Wednesday, May 23, 2012

So here we are in Namibia reunited with our truck and making a start on our African Adventure! At last! We have now been 2 years in the preparation.



Our truck [for which we are still trying to find a name] arrived in the Port of Walvis Bay along with almost 900 other vehicles from the UK. We spent several anxious days waiting as, when we first met the agent there, we told that also expected on the same ship was a German vehicle similar to ours that had been mistakenly unloaded in Ghana 2 months earlier! You can imagine how relieved we felt when we saw it standing there in all its glory and without an additional scratch or bump!

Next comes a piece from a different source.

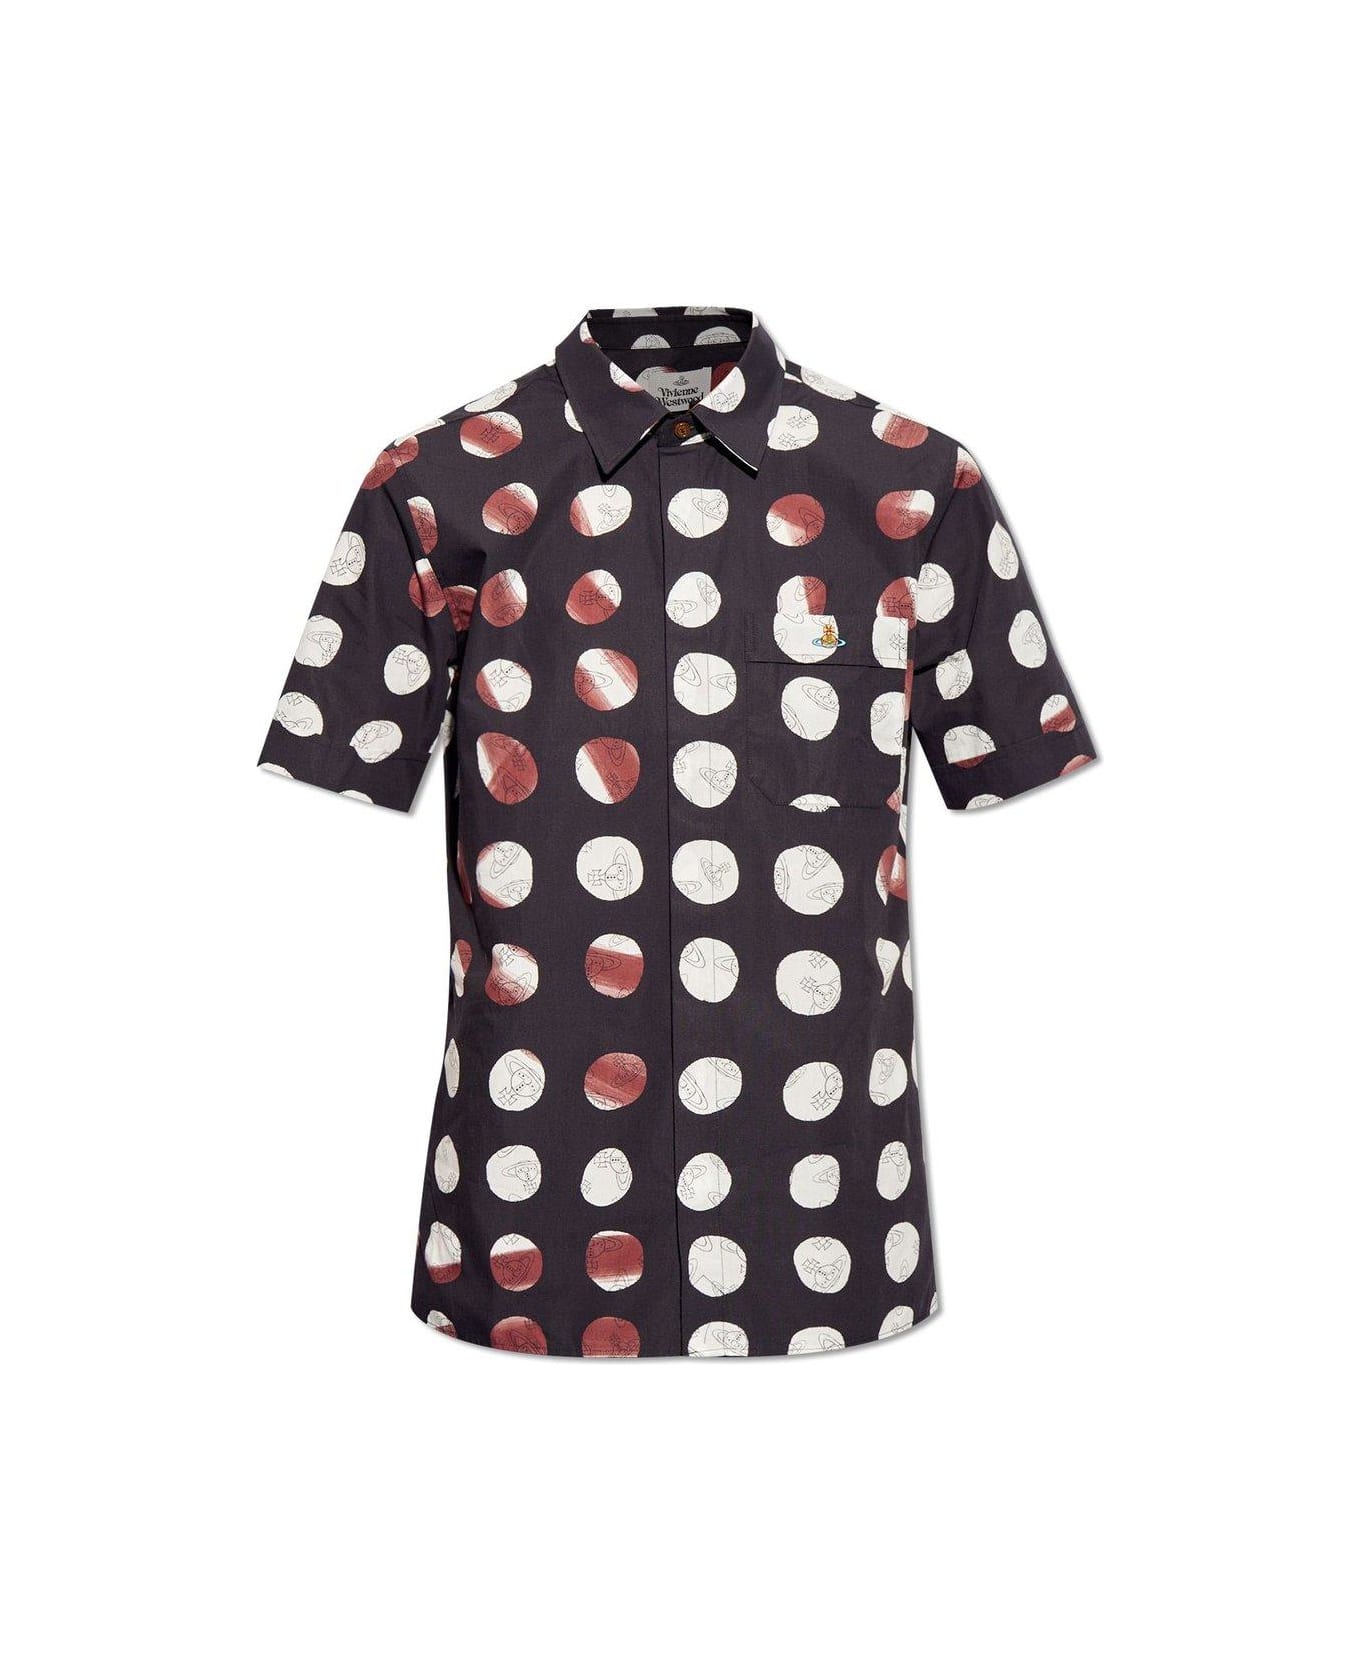 Vivienne Westwood Orb Print Long-sleeved Shirt - Dots Orbs シャツ

Two days spent in a campsite in Walvis Bay sorting things out. Surprisingly, it takes a lot longer to put things away in there proper place than it does to take them from there proper place and store them somewhere safe and secure for a journey through two ports and over one large ocean!
Then it was off into the NamibNaukluft National Park to see how the truck behaved under African conditions. Very well is the answer, although we are still trying to work out how to stop the dust getting in – and to think that Liz thought that this great adventure would see the end of housework!










So far, the African desert has proved to be very different to any of the other deserts we have travelled in. During the middle of the day it gets much hotter and at night, much colder. There are amazing colours in the sand dunes, depending on the light, from chestnut brown in the shadows to bright orange and yellow. The grasses have an almost silver sheen so it makes a really lovely picture. There is an area that looks like the surface of the moon…dark rocks and gritty sand, here grows an amazing plant the welwitchia, somewhat cactus like and not very pretty but as it is 1500 years old it is bound to look a bit wrinkled!!

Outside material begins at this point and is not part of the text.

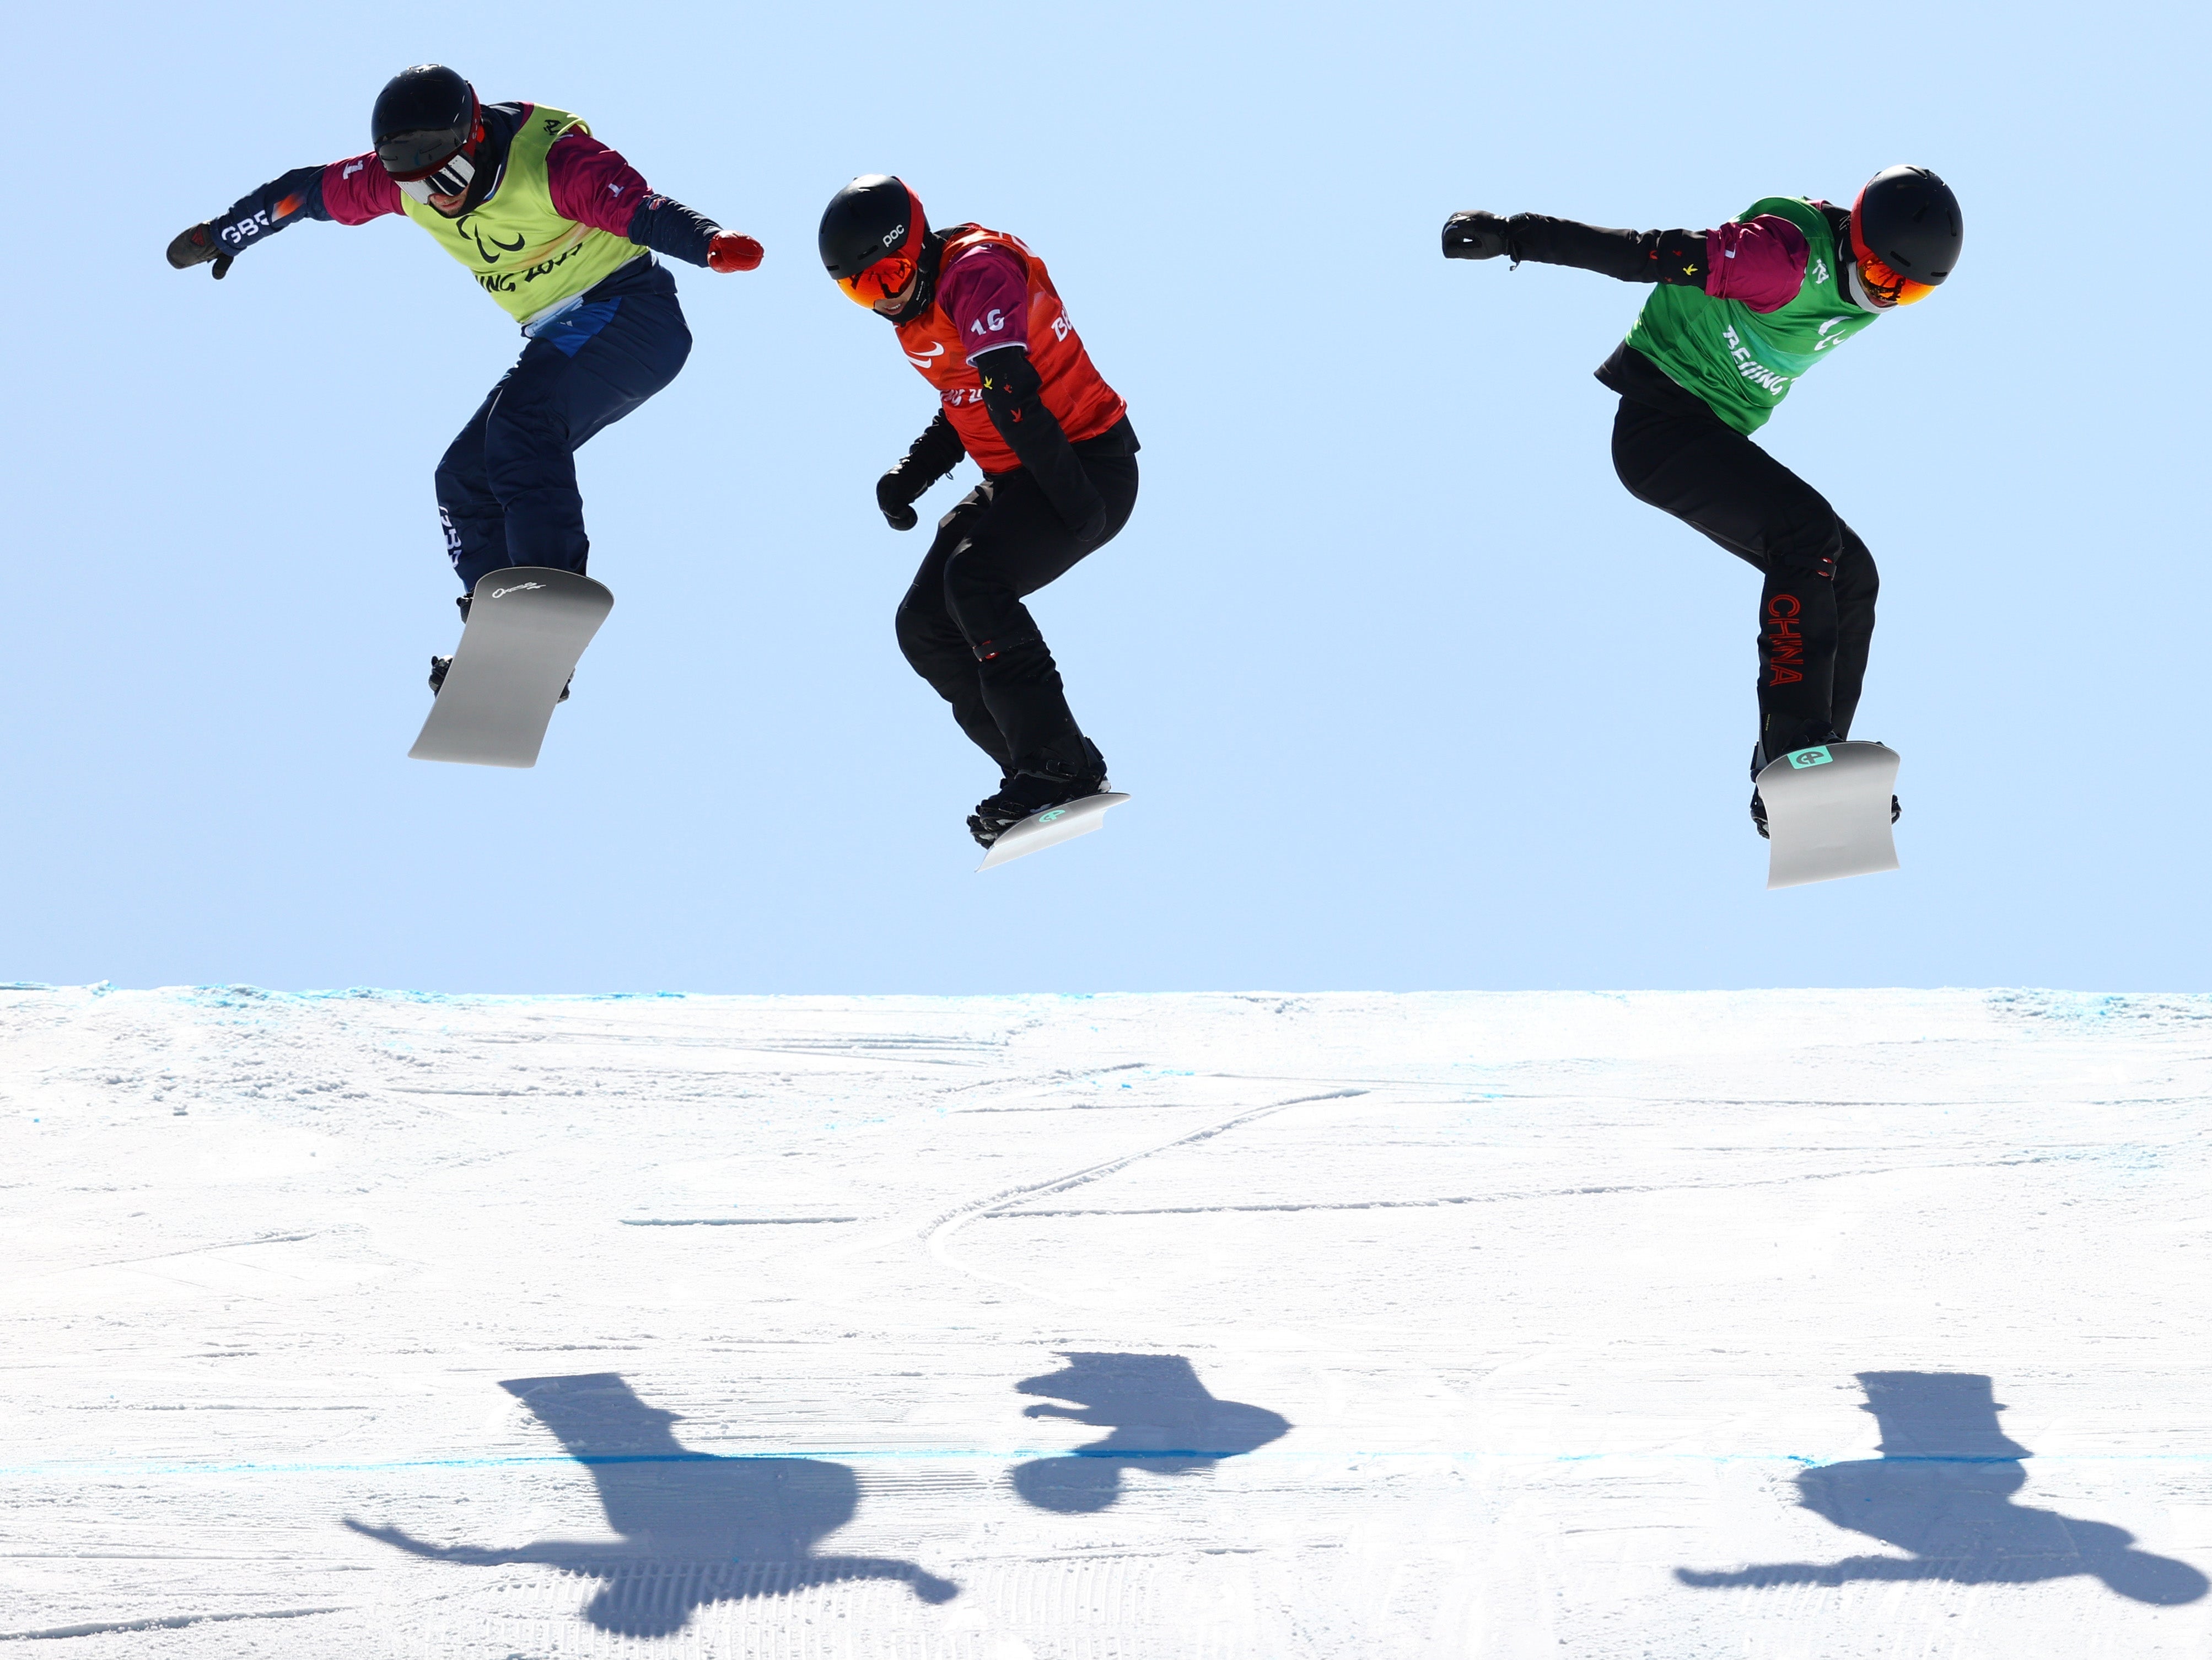 James Barnes-Miller (left) missed out on a snowboard cross medal in Beijing

Animals abound! Ostrich, wild horses and mules, zebra, fox, hare, warthog, springbok and gemsbok and that was only on day 2! There are lots of birds too, though we have yet to identify most of them…ostrich, secretary birds, and bee-eaters are recognisable though.



We are now in a campsite in Swakopmund. This is a German town and in many ways more German than a town in Germany. A very interesting place and a good for us to stock up with a number of supplies before we head off into the next desert. Still undecided, shall we go up the coast or head inland a bit? Time will tell. As we write this we are sitting under a mist caused by the Benguela current which flows up the west coast here and brings lots of fish, birds etc. It certainly makes things very green but also cool and damp…a bit like England!!!